Originally Posted by

**Malcolm Taylor**
...

There is also for lz77 several different optimal parsing methods. One

(used by quantum IIRC) parses all the matches in the file, and then

passes backwards over them finding the best match to reach each byte.

The result is optimal for a static encoding (much like FP).

Another one (used by 7zip and ROLZ and others), is a dynamic programming

approach which can cope with adaptive encodings. This often leads to

some fantastic results. Although I call this optimal, it is still only a

near optimal method. It always converges to a local minimum, so may not

always hit the global minimum.

...

It is easier to understand than any other optimal parsing I have come

across, but not necessarily obvious.

1) Find all the matches for every byte of your file.

2) Start at the end (position n).

3) Find the cheapest way to get to n from n-1, this is the best so far.

4) Find the cheapest way to get to n from n-2, if better than the best

so far, then this new way becomes the best so far.

5) Repeat step 4 until we reach the start of the file.

By induction the way to get from 0 to n that you end up with is the

cheapest.

Things are a little more complicated when you consider the actual

implementation. As you go, you have to remember the cheapest from each

byte - ie. have an array of the best match found for each byte (or

literal which we can think of as a length 1 match), and the cost.

If you are testing position x which has a match length l, then the total

cost of reaching the end of the file will be:

best_cost_found(x) = cost_of_match(l) + best_cost_found(x+l).

In other words, the total cost is the cost of the match at the current

position, plus the best cost found earlier from where the match ends.
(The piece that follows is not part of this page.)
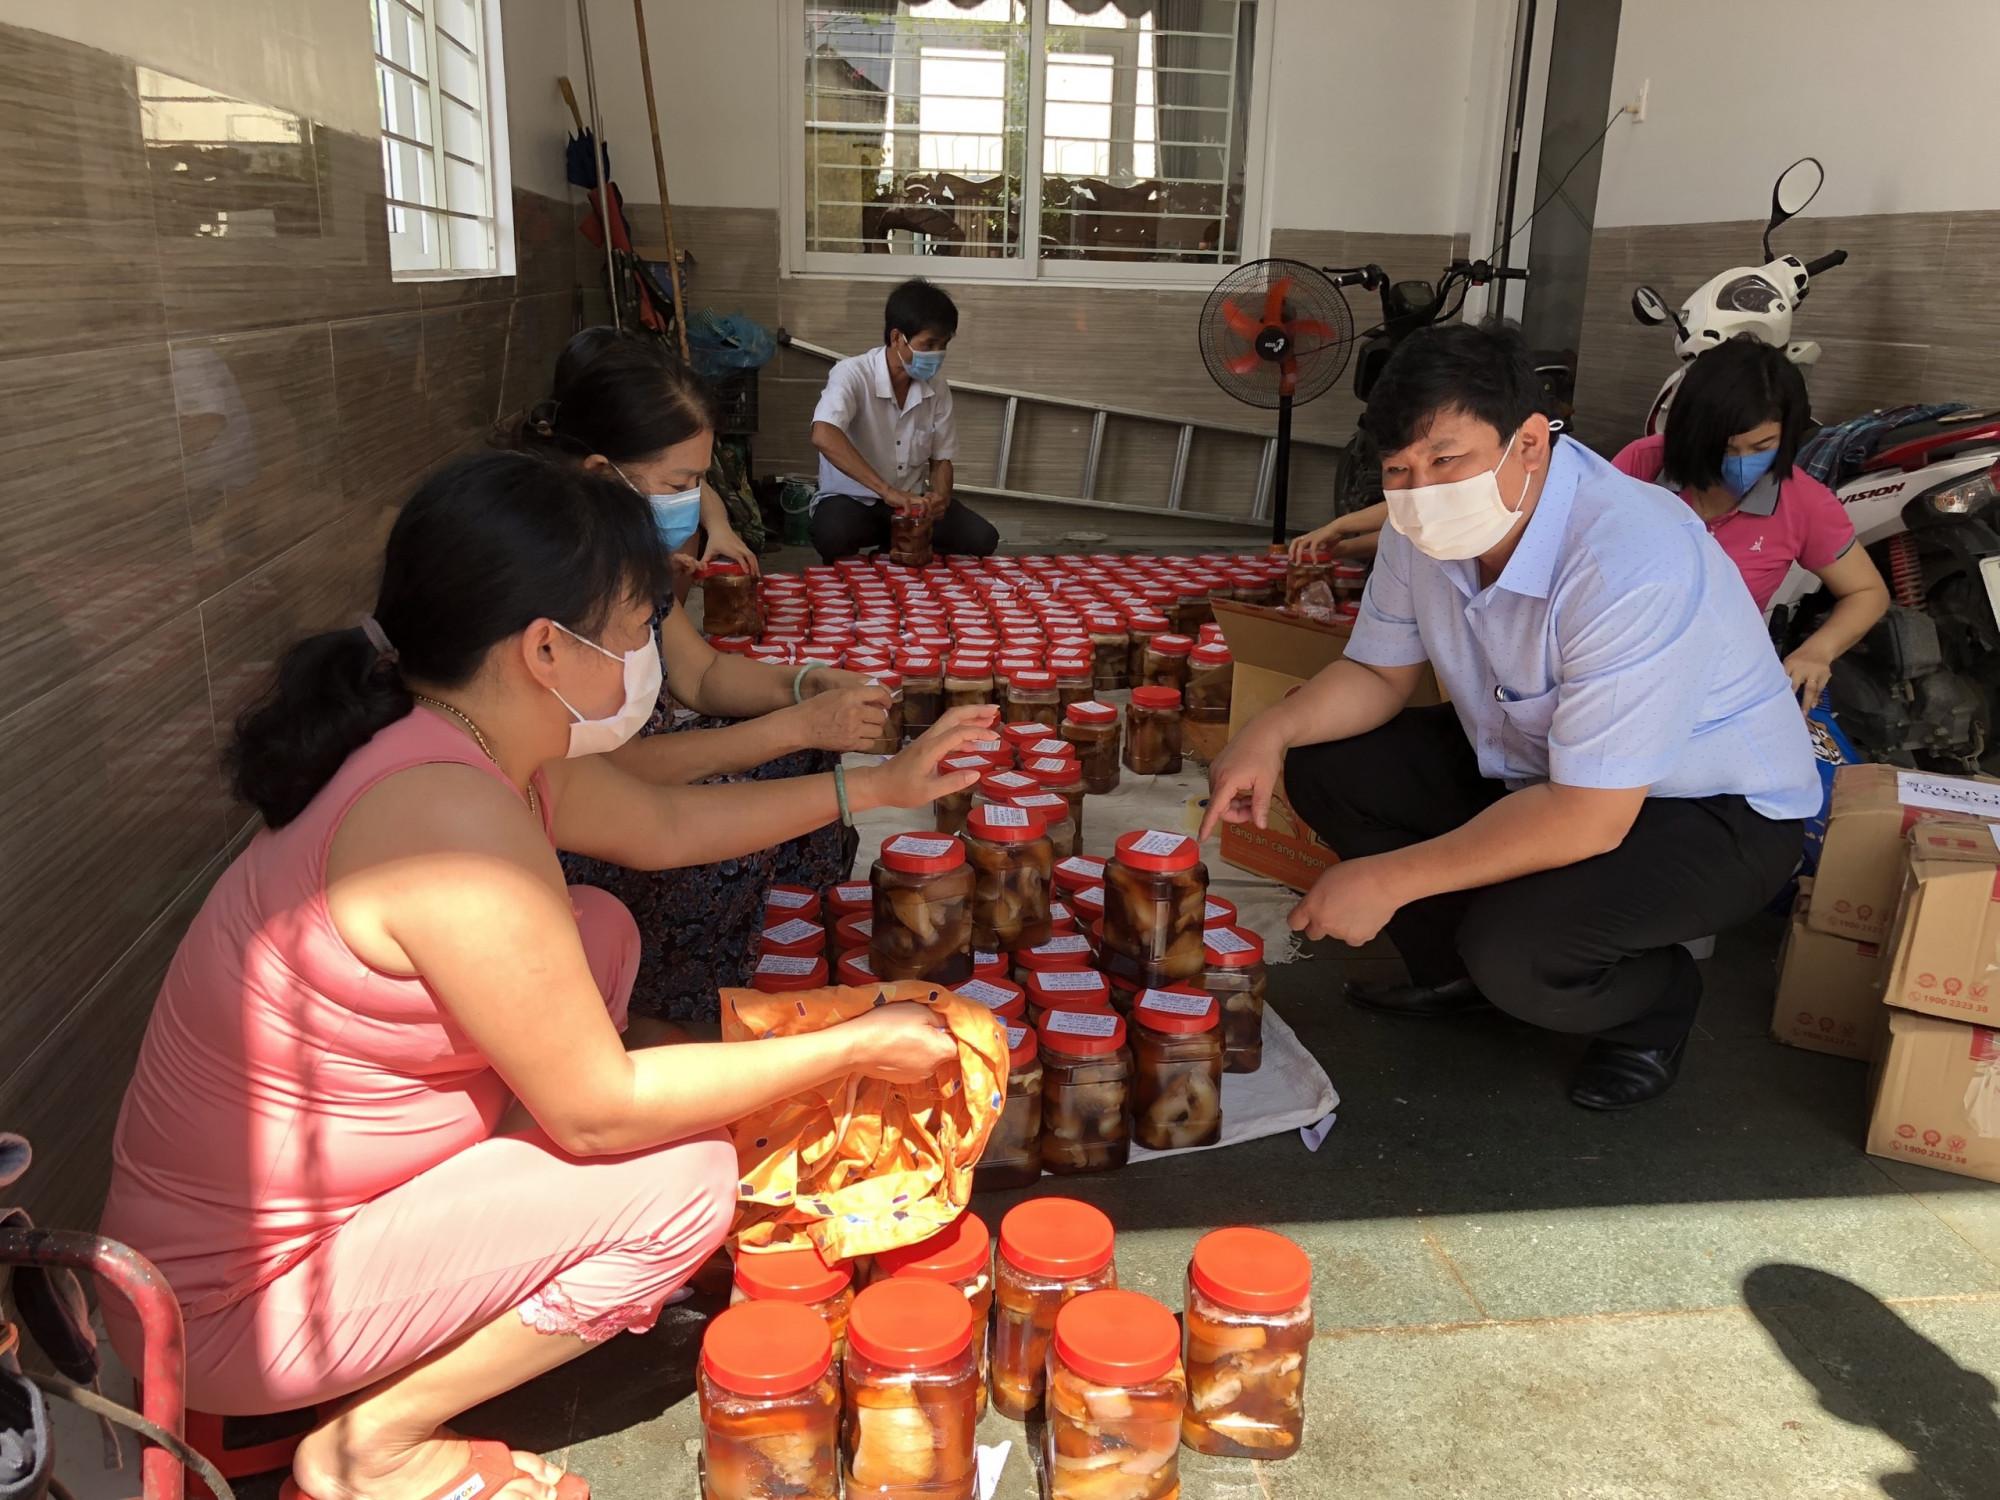 Người dân Quảng Ngãi đang chuẩn bị thực phẩm gửi vào TPHCM cho đồng hương - ảnh: Hội đồng hương Quảng Ngãi tại TPHCM cung cấp.

Then you try all match lengths from l down to 1, and save the best total

cost and match details for the current byte, and repeat for the previous

one...

This parsing depends on a well defined cost function, which implies a

static encoding. If your encoding is dynamic, then it kindof screws with

the optimisation, especially since you parse backwards. One way to solve

this is to parse optimally only over small blocks (say 4096), then you

can have static encodings only for each block.